The top group is corporate managers and professionals and their mean log wage value is over 1.5—approximately corresponding to the second peak of the distribution of wages in Figure 14. 12 percent of those in the 40–45 age group are within this category. This ratio is much less than the other two age groups—being nearly 7 percentage points lower than the 46–51 age group. This difference is consistent with the difference between actual and counterfactual wage density estimations. We observe that individuals in the 40–45 age group—i.e., the exposed ones—have less attractive jobs on average.
The second occupation group consists of technicians, associate professionals, and clerks. These occupations have less education requirements than the top group. The percentage of this group in the 40–45 age group is higher than the other two age groups and this result is also consistent with the counterfactual density estimation.
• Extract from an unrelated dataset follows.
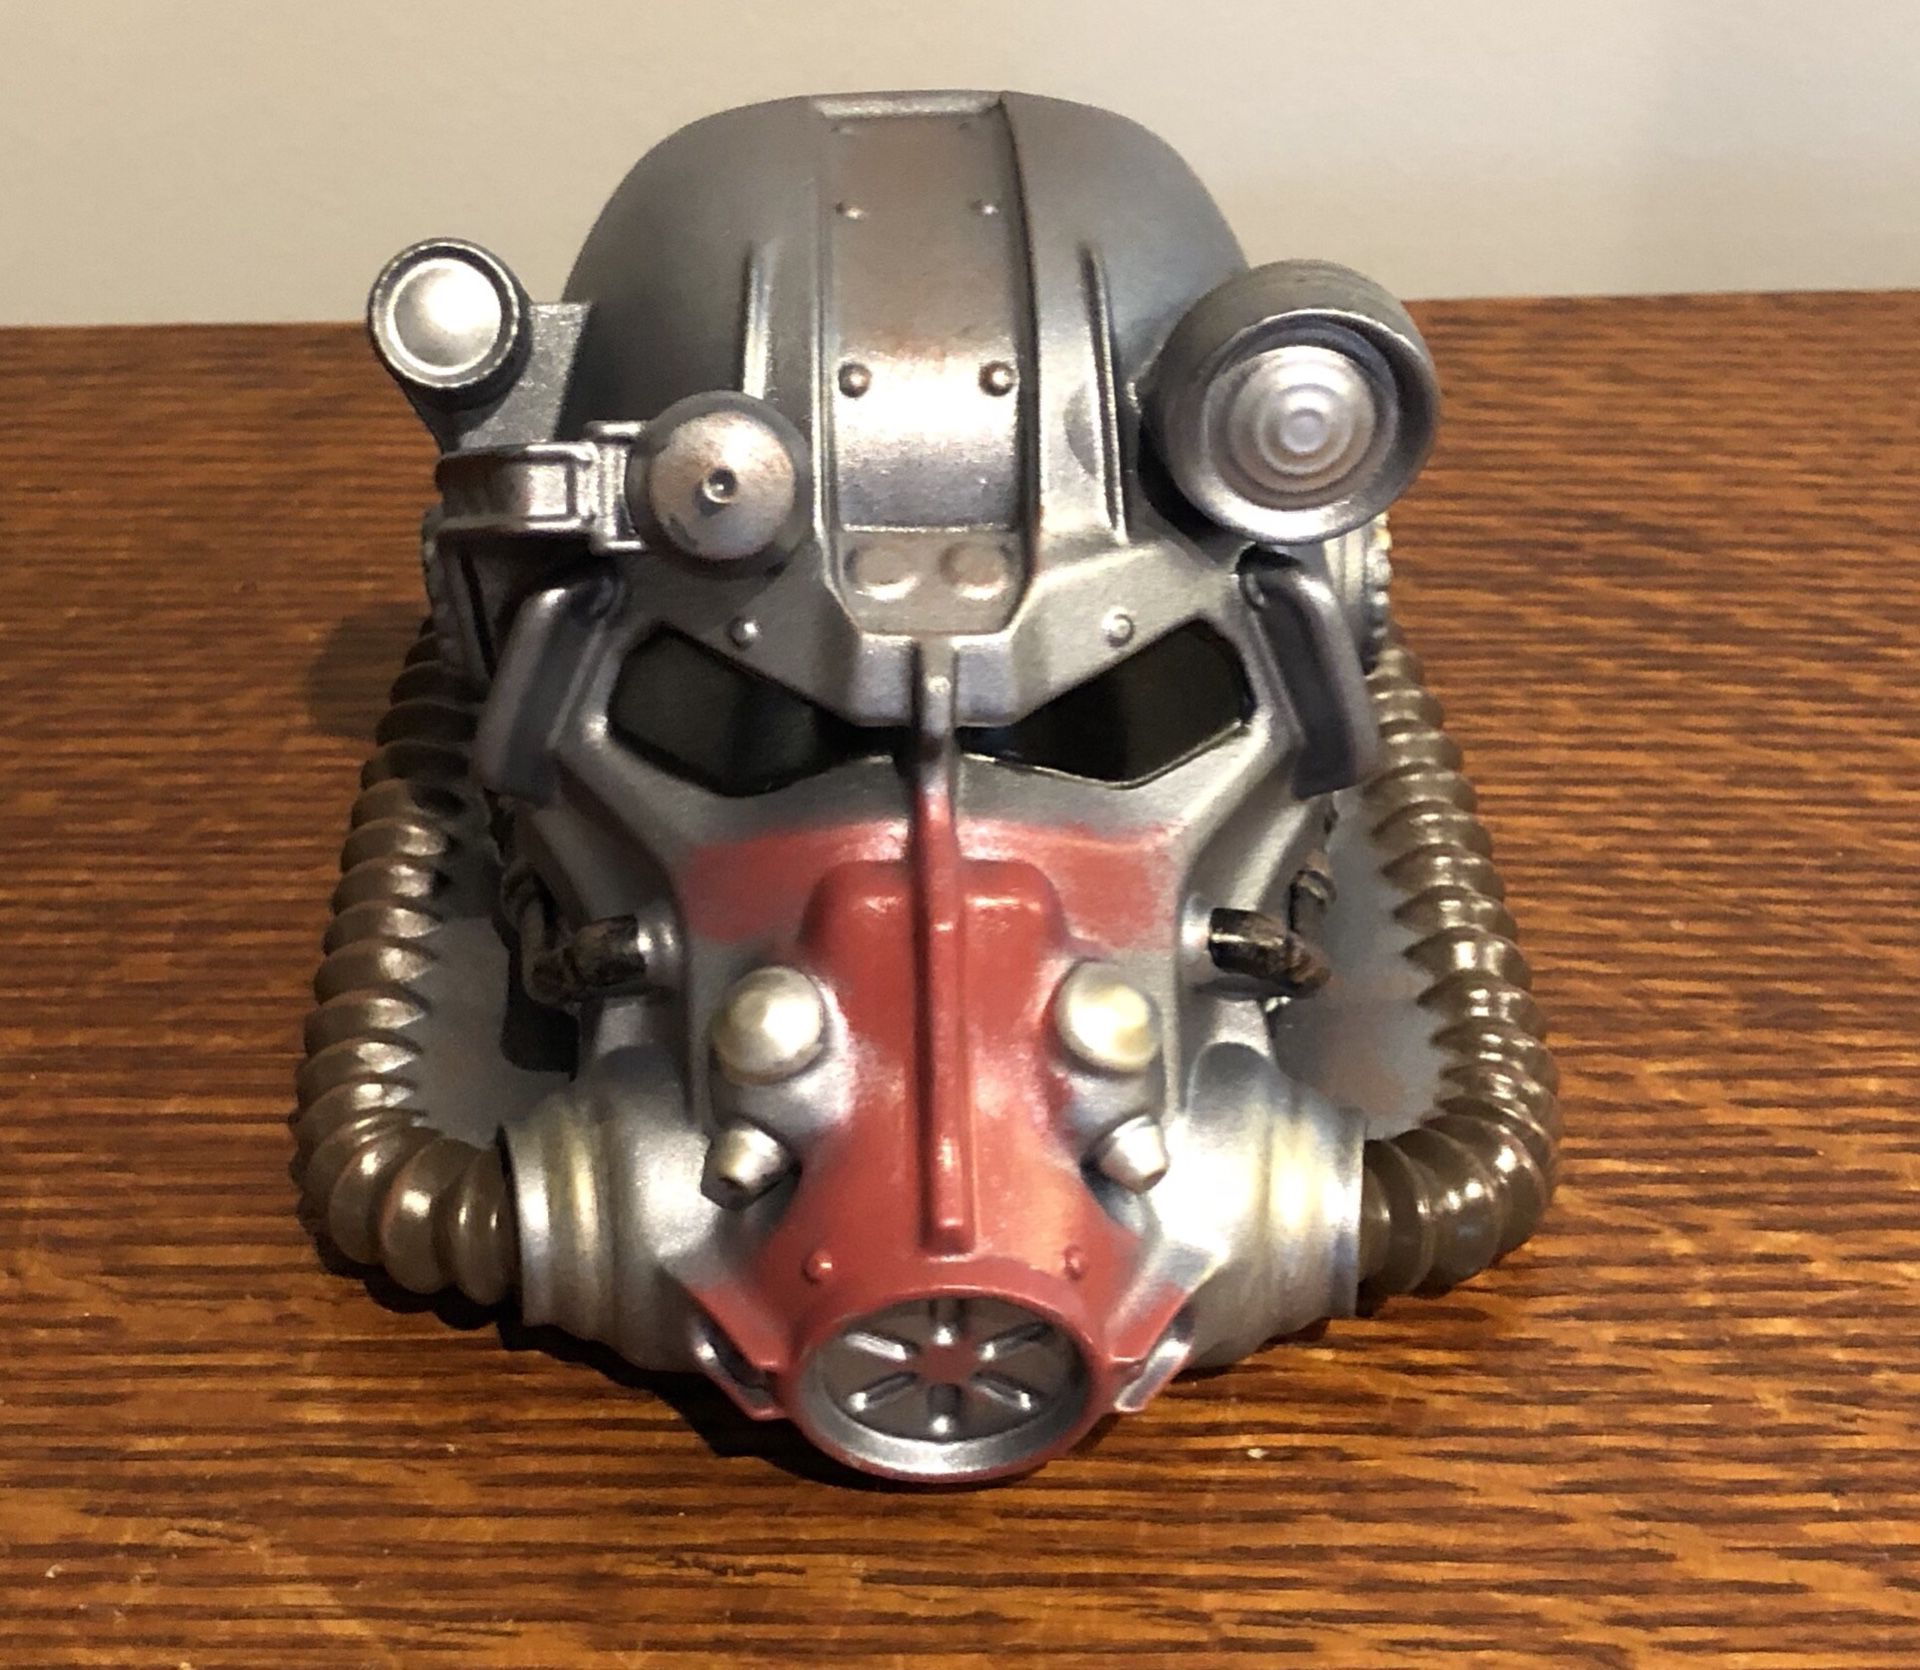 T60 Power Armor Helmet Bank Fallout 4 For Sale In Highland Park Il Offerup

The third and fourth groups have also confirmed the same result—as the percentages for the 40–45 sample are higher. If we combine the sub-major divisions whose mean log wage values between the minimum wage and 1.5 [the second peak in Figure 14], the fractions of individuals in age groups 34–39, 40–45, and 46–51 become 68.7, 72.5, and 66.3, respectively. This suggests that the 40–45 age group have a higher fraction of low-pay occupations. Therefore, we conclude that the decline in post-secondary attainment led to a shift in occupations from high-pay to low-pay ones. These findings suggest that violent political turmoils or other large-scale turbulent events affecting large fractions of the productive population may have permanent negative consequences on countries’ growth potentials.
Between 1978 and 1980, Turkey experienced violent student protests. Almost 20 young individuals were killed daily. Universities and other higher education institutes were at the center of the violence and conflict. This violence ultimately led to a military intervention in 1980, which came with additional arrests and suppression lasting several years. We document in detail that the political turmoil adversely affected post-secondary educational attainment in Turkey. Furthermore, we exploit the exogenous drop in the number of graduates and new admissions due to this turmoil (
We find that the group most severely affected by the turmoil is male wage earners with birth years from 1960 to 1965. These events led to a substantial decline in the probability of completing postsecondary education for the exposed cohorts. The decline in post-secondary educational attainment pushed the wage distribution to the left and led to a permanent shift in occupations from high-pay to low-pay ones. These findings also suggest that violent political turmoils can permanently erode a country's human capital and, therefore, can adversely affect long-term growth prospects.
Using birth cohorts as IV, we estimate that the return to an additional year of college education is approximately 15 percent. This is one of the first papers using the widespread student protests—almost globally took place in the second half of the twentieth century—as a source of exogenous change in college attainment to estimate returns to higher education. The long duration of the turmoil and high violence intensity jointly make the Turkish case a unique example of student protests with severe adverse effects on post-secondary education and long-term labor market outcomes.